Jing Li (lijingnn@cn.ibm.com), Staff Software Engineer, IBM

Photo of Jing LiJing Li is an IBM staff software engineer in CSTL in Beijing. She has been working for IBM DB2 for i for two and half years. Before that she has been working on C/C++ development for three years.



09 January 2014

Overview

RPG programming on IBM i was greatly improved on IBM i 7.1 in the Technology Refresh 7 (TR7) time frame. Additional free-form support for the RPG language and embedded SQL precompiler was provided for H, F, D, and P specs. Free-form C specs were previously supported, and now all RPG specs have free-form support except I and O specs.

Each free-form statement begins with an operation code and ends with a semicolon.
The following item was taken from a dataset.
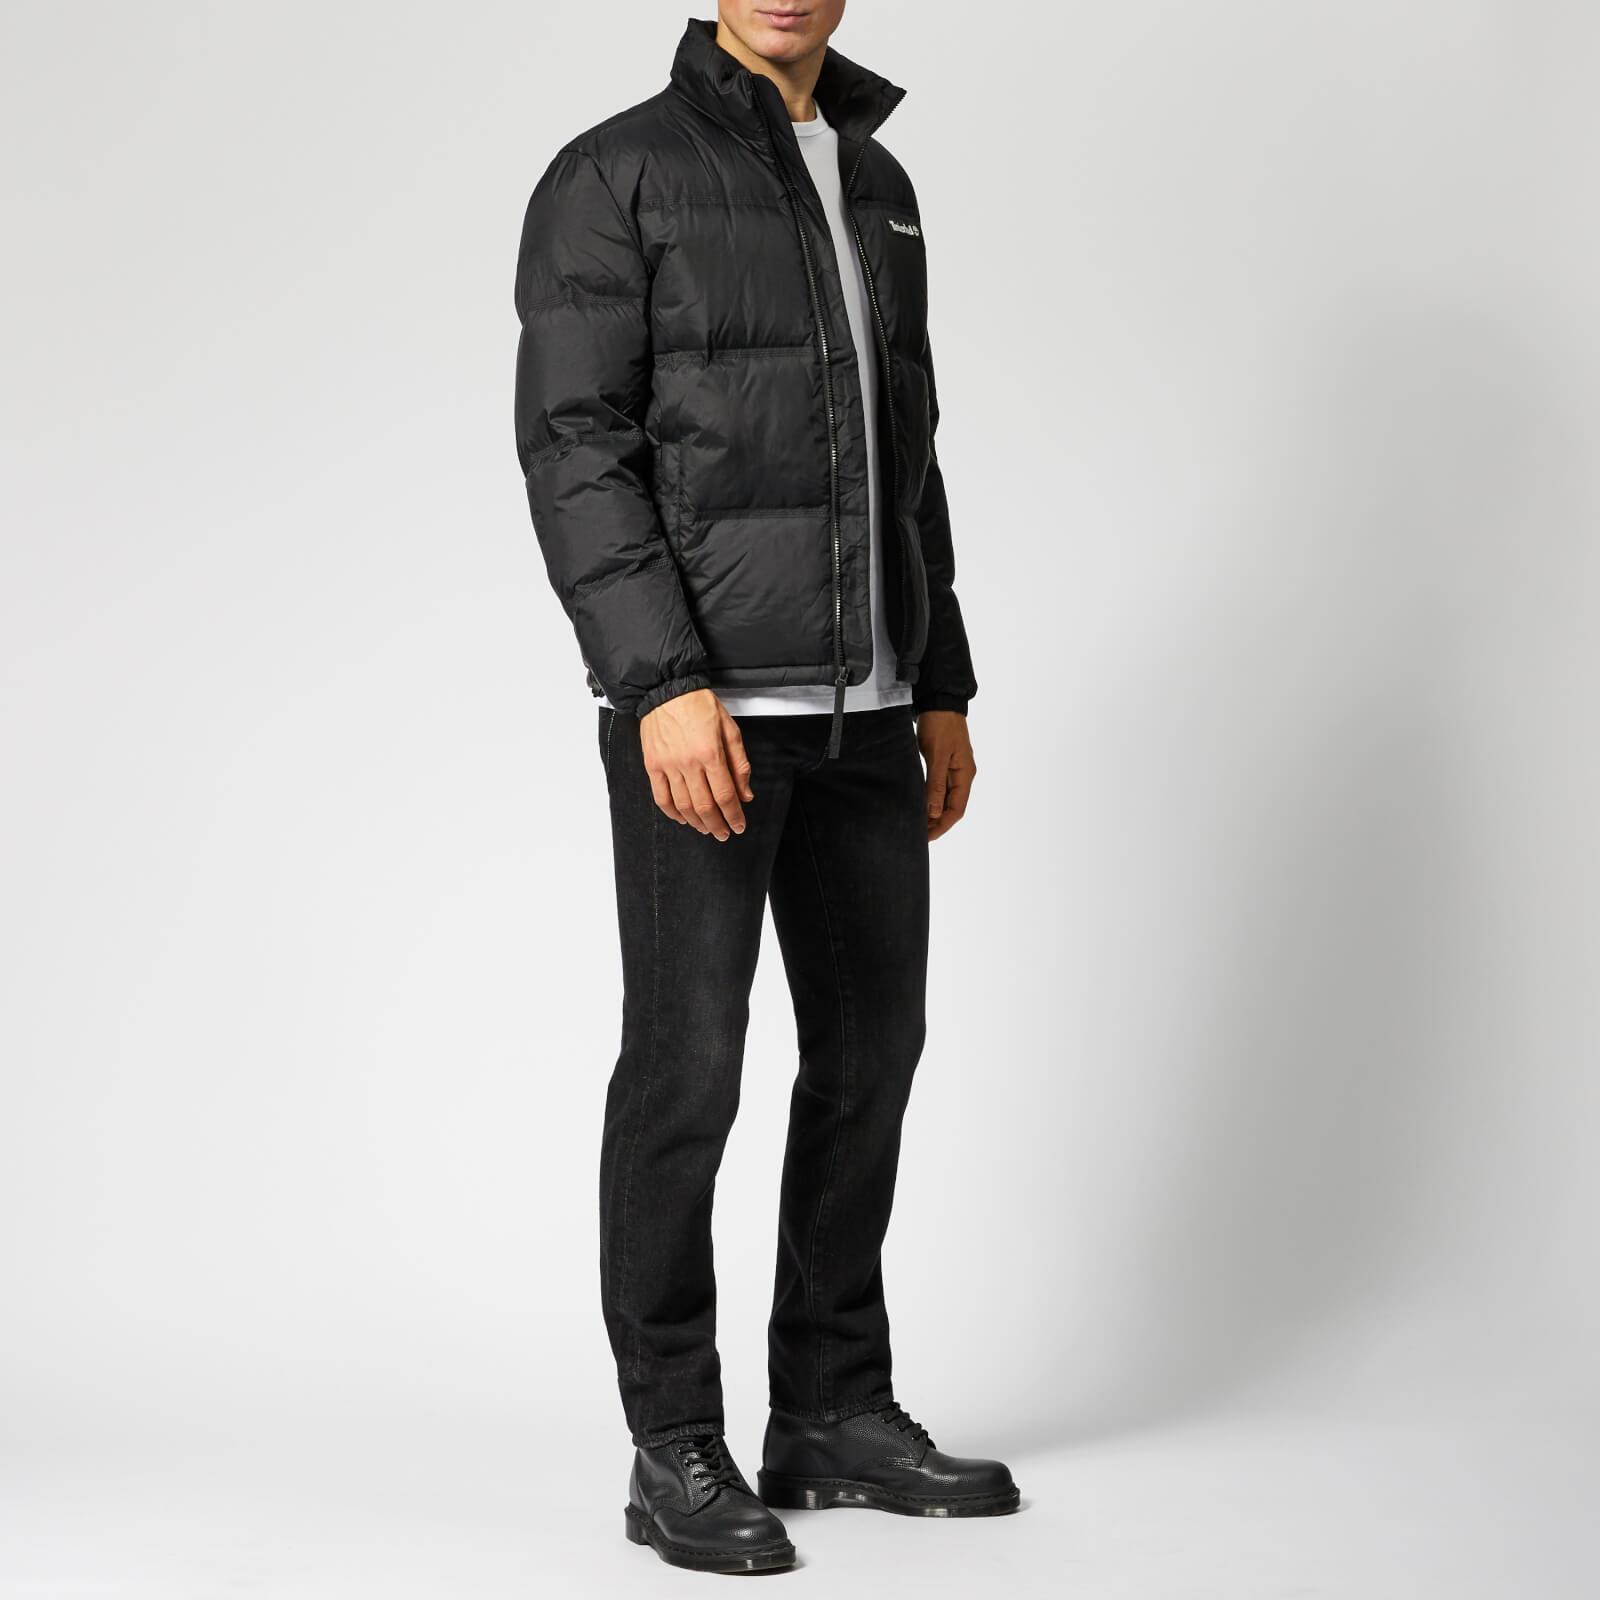 Timberland Synthetic Sls Down Puffer Jacket in Black for Men - Lyst

Here is a list of the new operation codes:

  • CTL-OPT for control specs (H)
  • DCL-F for file specs (F)
  • DCL-S, DCL-DS, DCL-SUBF, DCL-C, DCL-PR, DCL-PI, DCL-PARM for data specs (D)
  • DCL-PROC for procedure specs (P)

Advantages

RPG syntax in free form is similar to other modern languages and can be understood easily. It allows programmers who are familiar with other languages such as Microsoft® Visual Basic, Java™, and PHP to be trained more easily in RPG and with lower cost. The new syntax also makes programming easier for existing RPG programmers. As such, the free-form syntax is beneficial for both existing RPG programmers and new RPG programmers.

  • Free-form RPG allows code to be specified as free-form statements rather than in specific fixed columns.
  • Free-form code is still restricted to columns 8 – 80.
  • The /FREE and /END-FREE compiler directives are tolerated, but are no longer required for free-form.
  • Multiple line definitions are easier to code, easier to maintain, and easier to understand.
  • Defining data items with long symbol names is no longer problematic. Table 1 contains a long symbol name definition in fixed form and free form.
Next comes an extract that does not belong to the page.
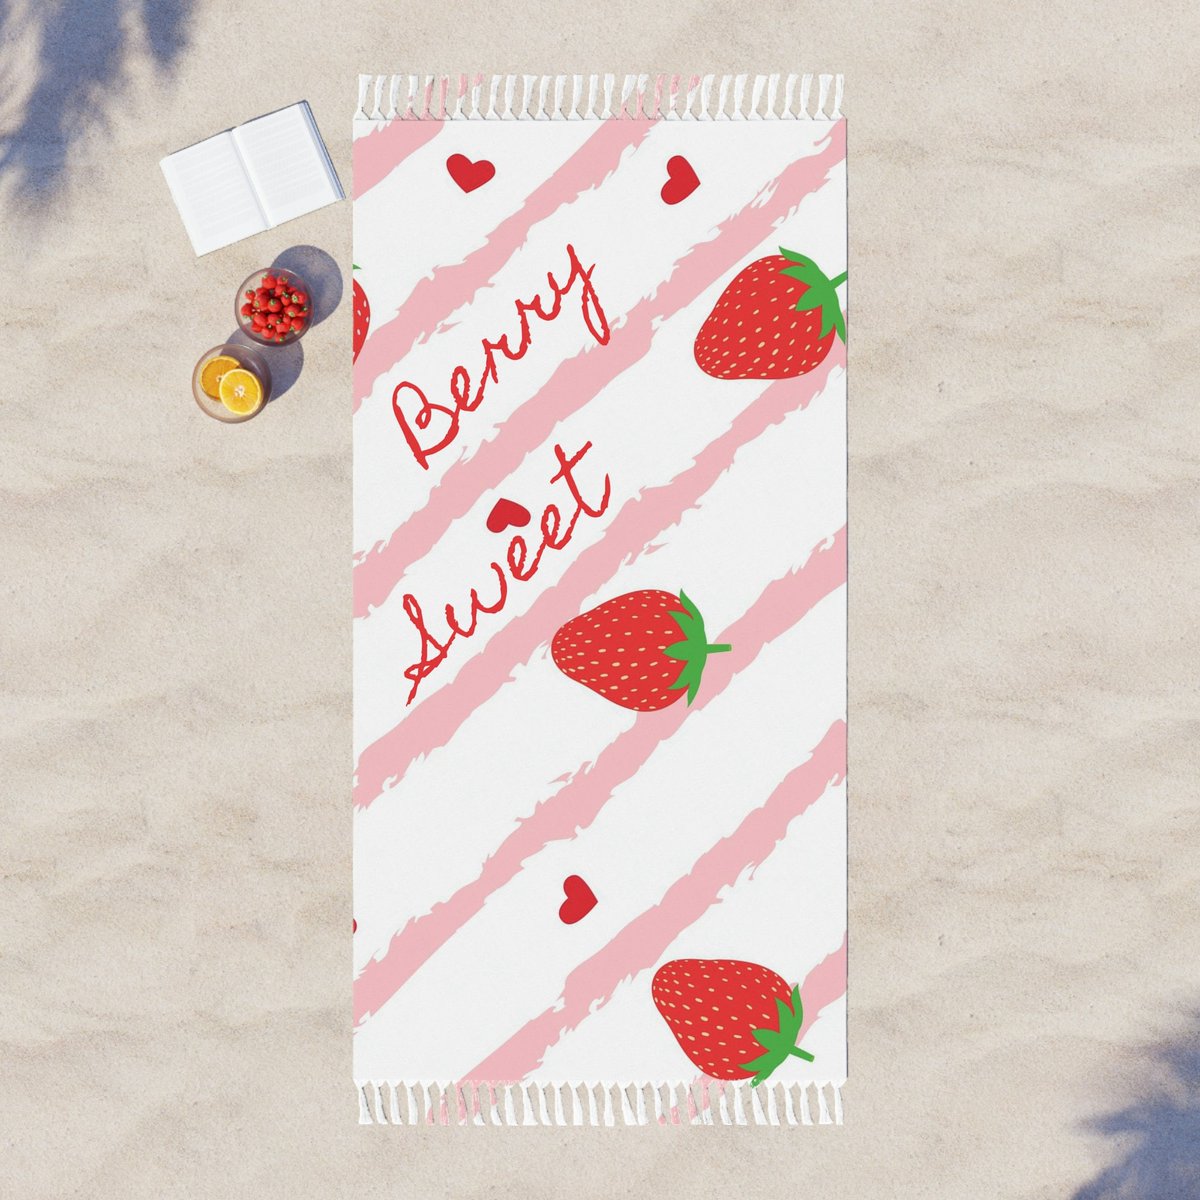 Excited to share the latest addition to my #etsy shop: Berry Sweet Boho Beach Cloth: Embrace the Strawberry Infused Bohemian Vibe for a Delightfully Fresh and Stylish Beach Experience etsy.me/42DQDdu #berrysweet #bohobeachcloth #strawberryinfused #bohemianvibe

Table 1. Long symbol name definition

Fixed-form entryFree-form equivalent
D thisisalong...
D name        S       10A
DCL-S thisisalongname CHAR(10);
or
DCL-S thisisalong...
name CHAR(10);
  • Free-form definitions can have /IF, /ELSEIF, /ELSE, and /ENDIF within the statement. Example 1 illustrates the compiler directives within a declaration statement.
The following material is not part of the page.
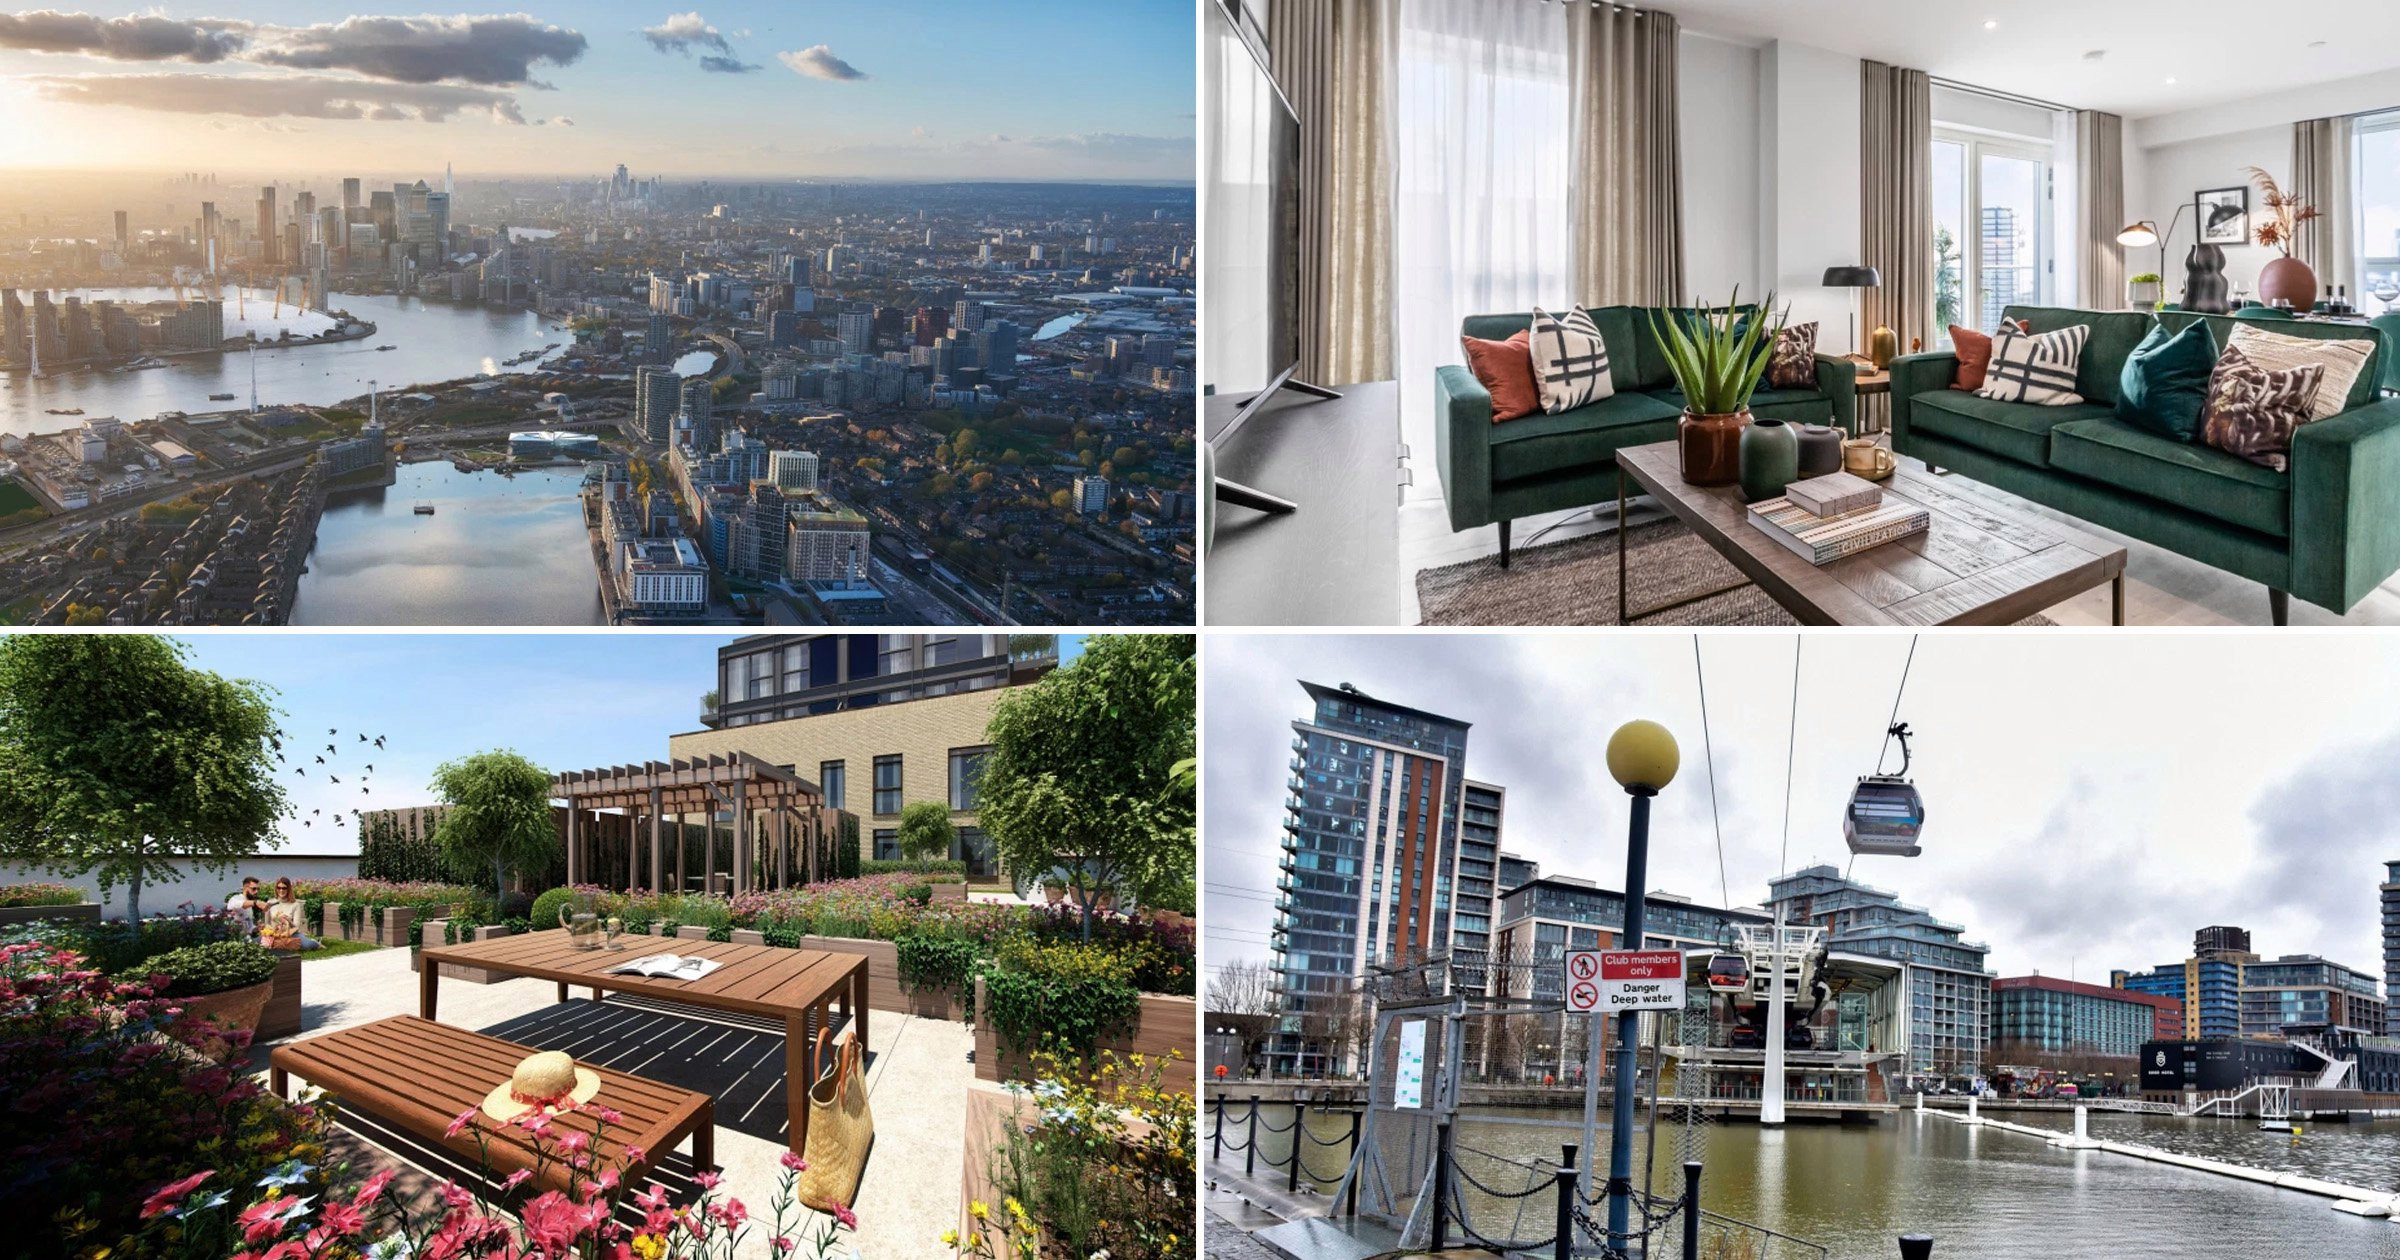 Newly regenerated Royal Docks area one of London’s best spots for buyers

Example 1. Compiler directives within a declaration statement

DCL-S salary 
    /IF DEFINED(large_vals)
        PACKED(13:3) 
    /ELSE 
        PACKED(7:3) 
    /ENDIF 
    ;

Changes for control specifications (H spec)

This section describes the changes for a control specification (H spec). The free-form keyword is CTL-OPT (Control Option). The free-form control statement starts with CTL-OPT, followed by zero or more keywords, and ends with a semicolon. Allowed keywords are the same keywords as an H spec. Multiple control statements are allowed and free-form control statements can be intermixed with fixed-form H specs. Each statement must be a complete statement. Example 2 illustrates an empty control statement.

Example 2. Empty control statement

// no keywords 
CTL-OPT;

The only effect of an empty control statement is to prevent the ILE RPG compiler from using the default H spec data area. Example 3 illustrates additional control statements.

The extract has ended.